Usually, Pradas celebrates by watching bonfires burn and people jump the fires where she lives in Zaragoza, Spain, she told Religion News Service in an email.
This year, with those gatherings cancelled by the continuing pandemic, the Wiccan witch said she’ll probably enjoy the sunrise from her rooftop with some tea and cherry cake. Dandelion tea is her favourite — she picks the flowers and dries them herself, brews them with lavender and dried peach and sweetens the drink with honey.
She’s shared recipes for cherry sun cake and for lavender and orange iced tea on Instagram in collaboration with another popular account, Wiccan Cuisine.
“I always feel that this day has a buzzing energy attached to it,” Pradas said.
The sabbats — the eight major holidays celebrated by Wiccans, witches and other pagans — are tied to the seasons, and their celebrations, like any holiday, often spotlight seasonal foods.
The summer solstice, celebrated this year on Sunday (June 20) in the Northern Hemisphere, is no different.
“It’s one of my favourite holidays because it’s like pure celebration,” said Deborah Blake, an eclectic witch and leader of the Blue Moon Circle in upstate New York.

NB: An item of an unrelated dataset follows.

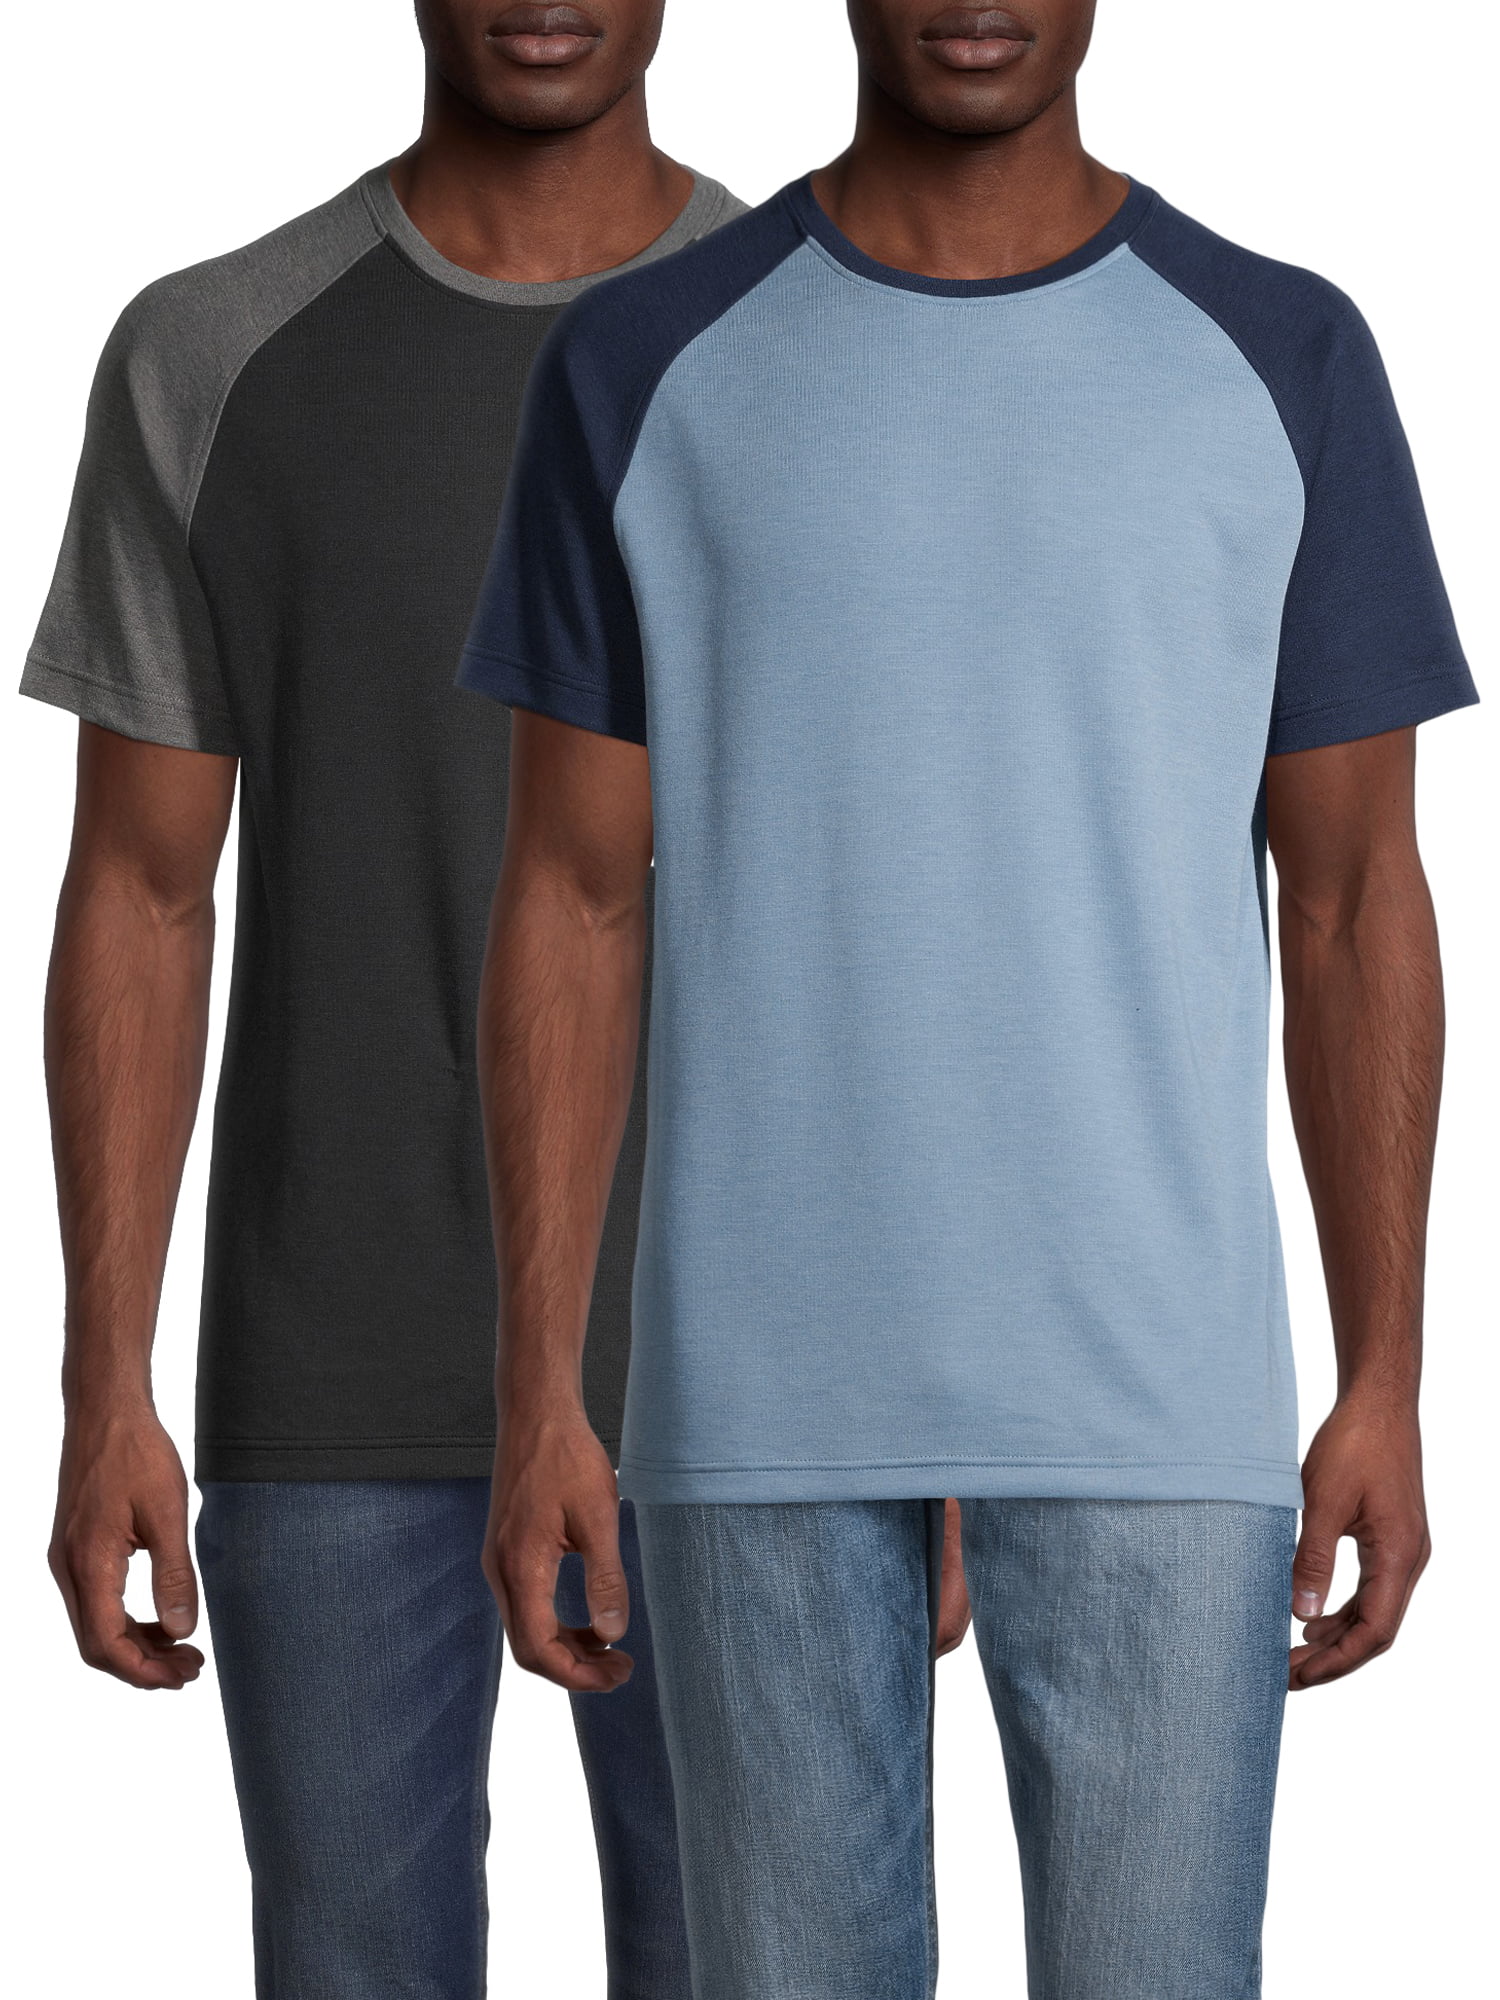 GEORGE George Men S And Big Men S Raglan T Shirt 2 Pack Up To Size

Also known as Litha or Midsummer, the summer solstice is the longest day and shortest night of the year. It’s a celebration “of the sun, of fire, and of the bounty of the land,” Blake explained in her book, “ Midsummer: Rituals, Recipes and Lore for Litha.”
It’s a day when some pagans believe the veil between this world and the faerie world is thinnest — think Shakespeare’s “A Midsummer Night’s Dream,” she said.

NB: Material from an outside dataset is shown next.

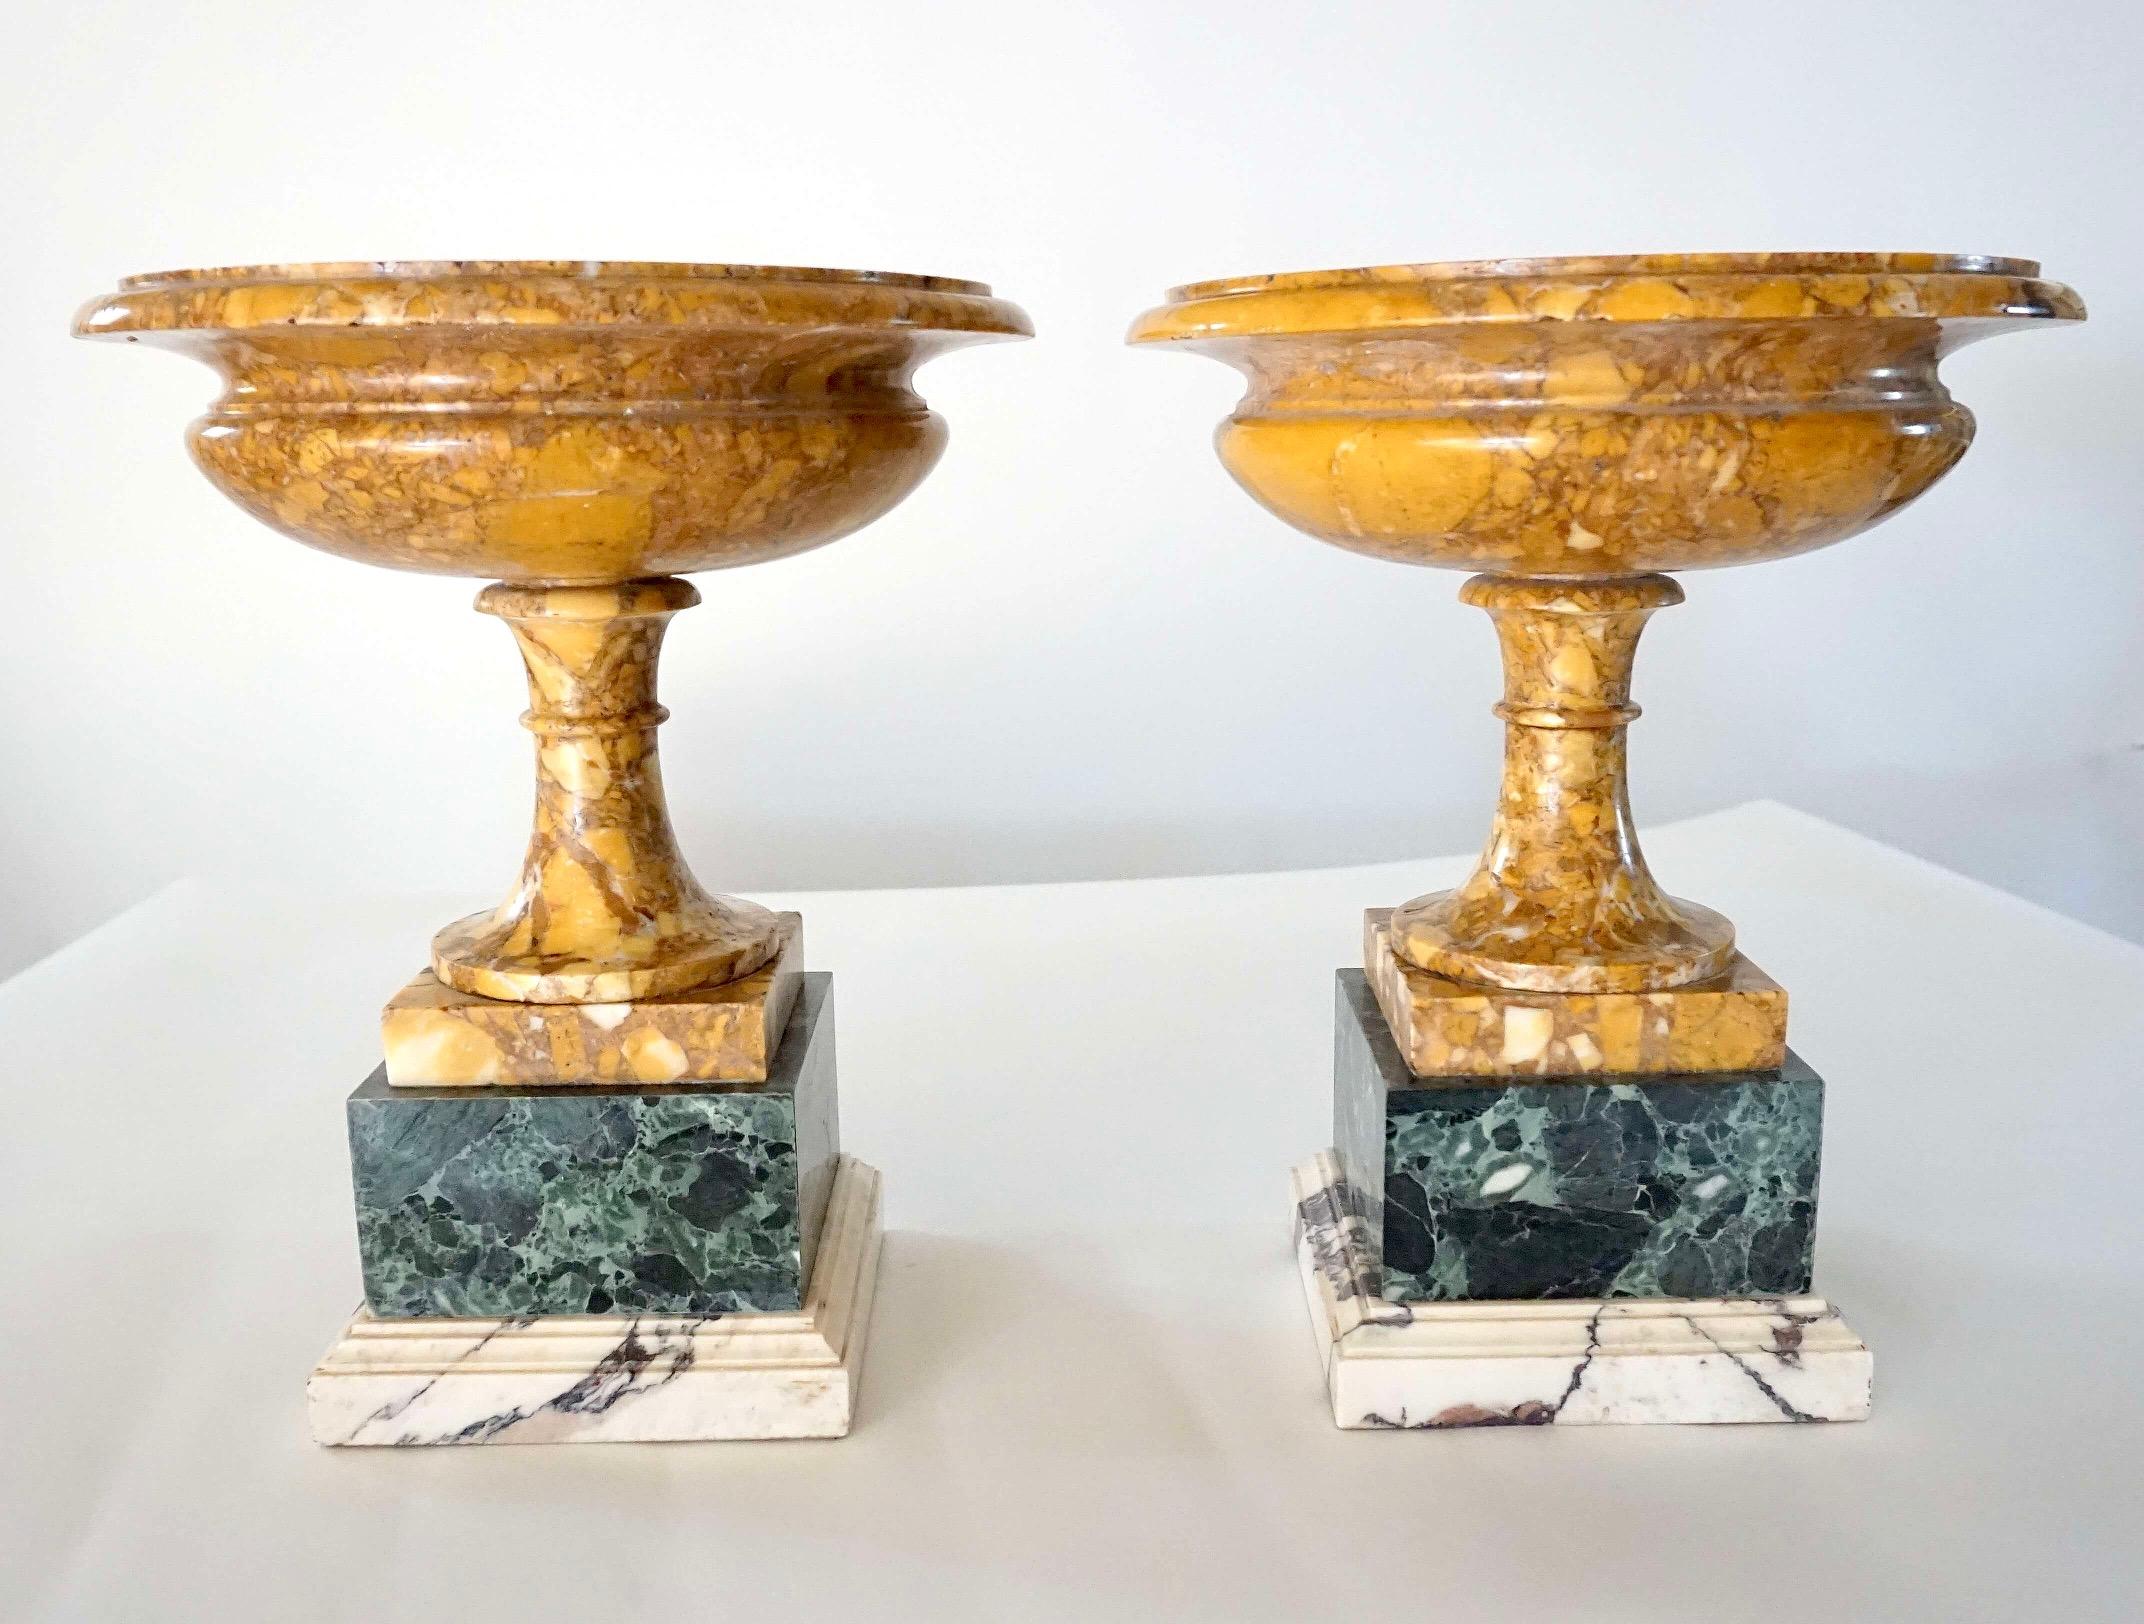 Pair of 19th Century Italian Neoclassical Tazze in Polychrome Marbles For Sale 5

It’s also a good celebration to share with friends who aren’t “witchy,” she noted. The first day of summer was and is celebrated by people all over the world as a time to take a break during the easy days between planting and harvest.
“After we’ve survived this last year, we definitely all deserve some sort of a feast,” Blake said.
Many pagans celebrate the summer solstice alone or in groups by being outside and building bonfires, according to the author.
Sometimes — like last year, when her circle was too fried by the pandemic to focus on ritual and simply thrilled to be together safely — “we actually have a ritual where we don’t celebrate anything more formal than joy,” she said.
The fact that many in the United States have been vaccinated against COVID-19 and that the Centres for Disease Control and Prevention has loosened guidance for gatherings and mask-wearing are likely to add an “extra layer of meaning” to this year’s celebrations, she said.
But, Blake said, “We basically say the ritual is just an excuse for the feast. The spiritual stuff is great, but who brought dessert?”
For any sabbat, featured foods should use ingredients in season wherever people are celebrating, she said. At the summer solstice, that might be tomatoes, strawberries or peaches.
She likes to make a colourful salsa or a salad with sunflower seeds and fresh herbs, which are traditionally collected at the summer solstice — anything bright and full of energy, just like the day.
Many people also drink mead, or honey wine, as part of their celebration because bees, associated with sweetness and abundance, are a symbol of the sabbat.
And if there’s a bonfire, there’d better be s’mores, she said, laughing.
Even if you take the pagan Wheel of the Year out of the equation, “food is just the most natural thing in the world, so of course it’s incorporated in virtually every celebration we have,” said Gwion Raven, a kitchen witch and author of “ The Magick of Food: Rituals, Offerings & Why We Eat Together.”
To Raven, a spicy berry salsa — which he serves alongside boar tacos to celebrate Bacchus, the Roman god of agriculture and wine — screams summer solstice. It combines the cool refreshment of seasonal fruit like blueberries and raspberries with the heat of a jalapeño.
“Throw it on tacos or whatever else you want to eat with it, and know that in that very dish you’re holding the height of summer and the recognition of the dark winter that is to come,” he said.
For pagans, celebrating with a meal is as spiritual as it is natural.
Some, like Raven, practice kitchen witchery, the daily spiritual practice of making magick in the kitchen, a place where the four elements — fire, water, earth and air — come together. An Instapot becomes a cauldron and a wooden spoon, a wand, he said.
“You’re cooking something that will have an impact on the way somebody moves through the world — super magickal,” he said.
For many pagans, spirituality is tied to nature, and eating local seasonal foods connects them to the earth and with a specific time and place, according to the author.
Many rituals also end with a meal, he said, partly because it’s grounding after the hungry-making work of magick. But there’s also magick in community, in gathering together with others and socializing.
Plus, Raven said, “The real key to all ritual, to all food celebrations, is that we’re saying this moment at this time of year is sacred and holy, because it connects us to something — the height of summer, our power, the fullness of life, all those wonderful things that we connect with summer — and these foods remind me of that.”